El espionaje a mandatarios mexicanos tensa la compleja relación con EE.UU.

Alberto Cabezas

Presunto espionaje de agencias de inteligencia de EE.UU. al expresidente Felipe Calderón (d) y a su sucesor, Enrique Peña Nieto (i).
Presunto espionaje de agencias de inteligencia de EE.UU. al expresidente Felipe Calderón (d) y a su sucesor, Enrique Peña Nieto (i).

México.- La compleja relación México-Estados Unidos enfrenta momentos de alta tensión tras las revelaciones halladas en documentos filtrados por Edward Snowden sobre el presunto espionaje de agencias de inteligencia de EE.UU. al expresidente Felipe Calderón y a su sucesor, Enrique Peña Nieto, cuando era candidato.

Las revelaciones, dadas a conocer el pasado fin de semana por el semanario Der Spiegel, derivaron hoy en el anuncio del Gobierno de México de que citará al embajador de EE.UU. en México, Anthony Wayne, y que realizará una "investigación exhaustiva" para saber cómo se hizo el espionaje.

"Creo que (el espionaje) tiene implicaciones muy serias porque finalmente da muestra de una gran desconfianza por parte de EE.UU.", dijo a Efe la académica del Departamento de Estudios Internacionales de la Universidad Iberoamericana (UIA) Pía Taracena.

La historiadora e internacionalista explicó que tras las recientes revelaciones de espionaje "el principal problema está en la cancha de (Barack) Obama", que debe explicar para qué se utilizó la información recopilada por Agencia de Seguridad Nacional estadounidense (NSA) durante años.

La situación no es privativa de México, pues también habrían sido espiados la presidenta de Brasil, Dilma Rouseff, y Francia, país del que fueron interceptadas decenas de millones de comunicaciones y las embajadas francesas en Washington y Nueva York, informaron medios de esos dos países.

"Aquí el punto es que hay un abuso del poder de las agencias, no me atrevo todavía a decir todavía del presidente (Obama), y de inteligencia de EE.UU., en el sentido de que se meten en los correos privados de los personajes públicos de naciones aliadas.
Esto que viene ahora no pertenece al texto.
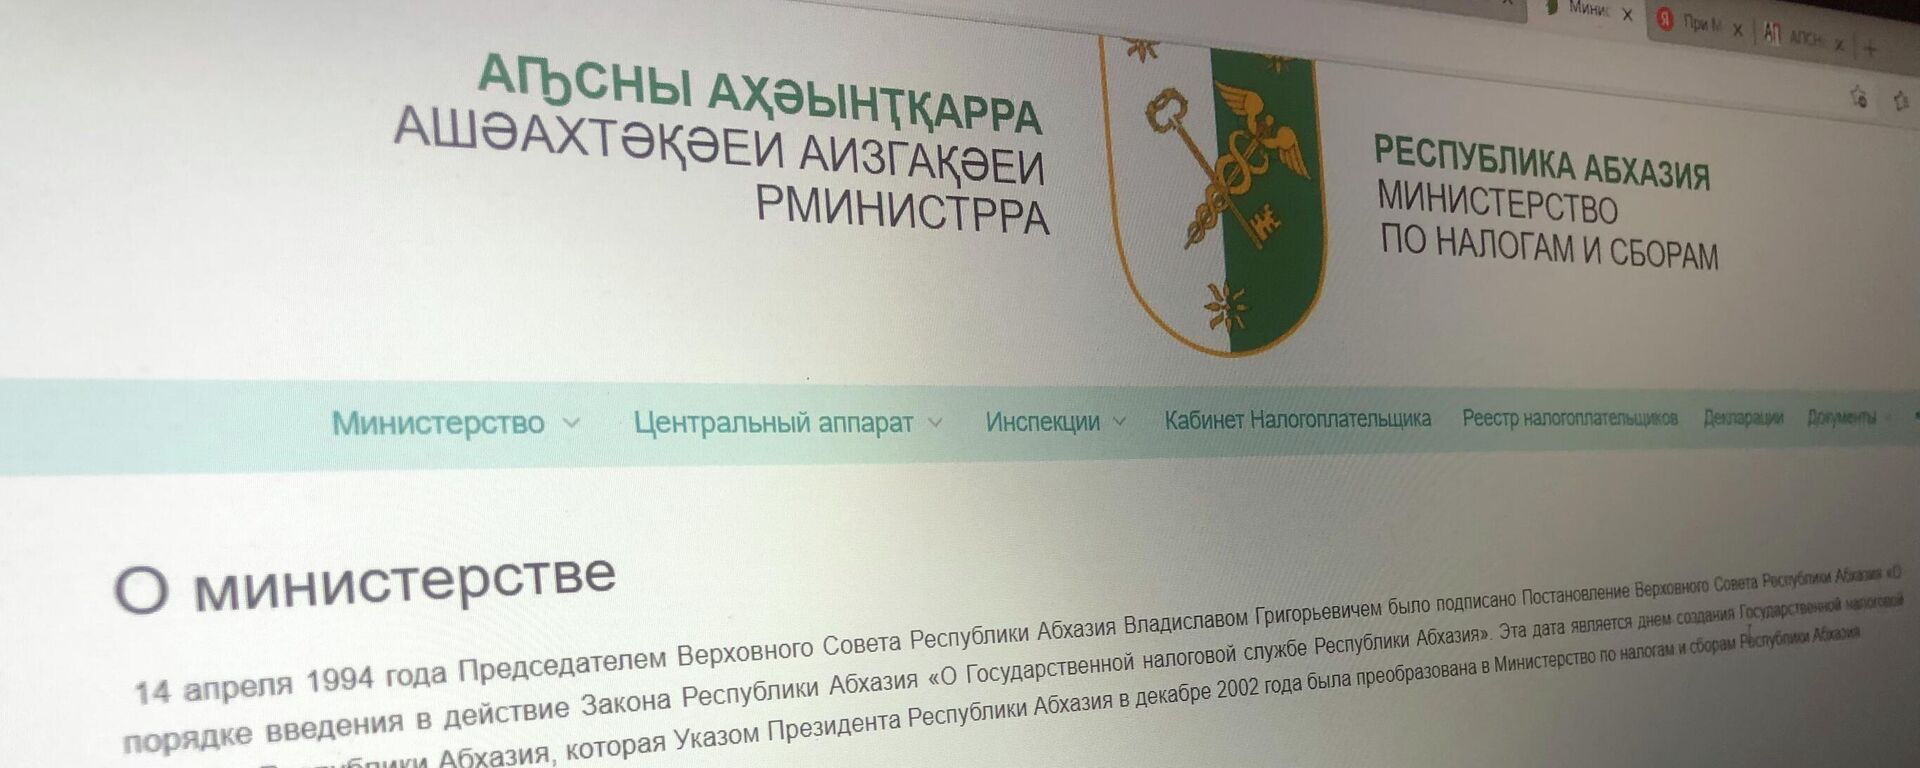 Официальный сайт Министерства по Налогам и сборам  - Sputnik Абхазия, 1920, 01.02.2022

Eso debería tener una consecuencia", explicó Taracena.

"Lo que necesita decirnos EE.UU. es si Obama dio la orden o si, obviamente, las agencias de inteligencia, que forman parte del Ejecutivo pero son independientes, trabajan ya por rutina" en esa labor, replicó Taracena.

La analista política Denisse Dresser, en declaraciones a la emisora MVS, dijo que, en lo ocurrido al presidente Calderón, supuestamente espiado cuando era Jefe de Estado, el hecho estuvo motivado por una coyuntura de desconfianza hacia México, inmerso en una estrategia de combate frontal contra el crimen organizado.

"(Obama) pensaba que al presidente mexicano la situación se le había salido de las manos, que no el control de la guerra contra el narcotráfico", señaló Dresser, quien cree de esa duda sembró el temor y habría desencadenado "un espionaje ilícito".

Para el doctor en sociología mexicano Nelson Sandoval, experto en dispositivos de vigilancia en América Latina, lo que las recientes filtraciones han dejado en claro es que hay "un incremento de las capacidades de recopilar información de EE.UU." que está teniendo consecuencias para otros países, no nada más en América Latina sino en todo el mundo.

El también académico de la Facultad de Estudios Latinoamericanos en Ciencias Sociales (FLACSO) explicó a Efe que el espionaje es "algo que (EE.UU.) lleva haciendo desde hace muchos años atrás", pero que ha quedado al desnudo recientemente por casos como el de Snowden y a través de Wikileaks.

Sandoval cree que en estos momentos el mundo está ante "una tendencia" internacional en la que "no hay vuelta atrás mientras no haya una movilización" de Estados en particular y de ciudadanos "que permita regular este tipo de obtención de información".

El académico considera que, inmersos en las tensiones actuales, lo que sí está sucediendo es que "se va generando un consenso al respecto por parte de todos los países", en particular de Brasil con su reclamo ante la Asamblea General de la ONU, de Francia y Alemania, "se podría generar un acuerdo con respecto a la recolección de información".

Con él coincide Taracena, de la UIA: "No sé qué organismo internacional pudiera tomar esta situación porque finalmente es una violación a los derechos humanos y, sobre todo, al gran tema de los datos privados", añade.

"Una de las discusiones globales es cómo proteger en las redes sociales las cuestiones más privadas de las personas", agrega Taracena, partidaria de que los países agraviados formen un frente común para demandar un debate internacional sobre el asunto.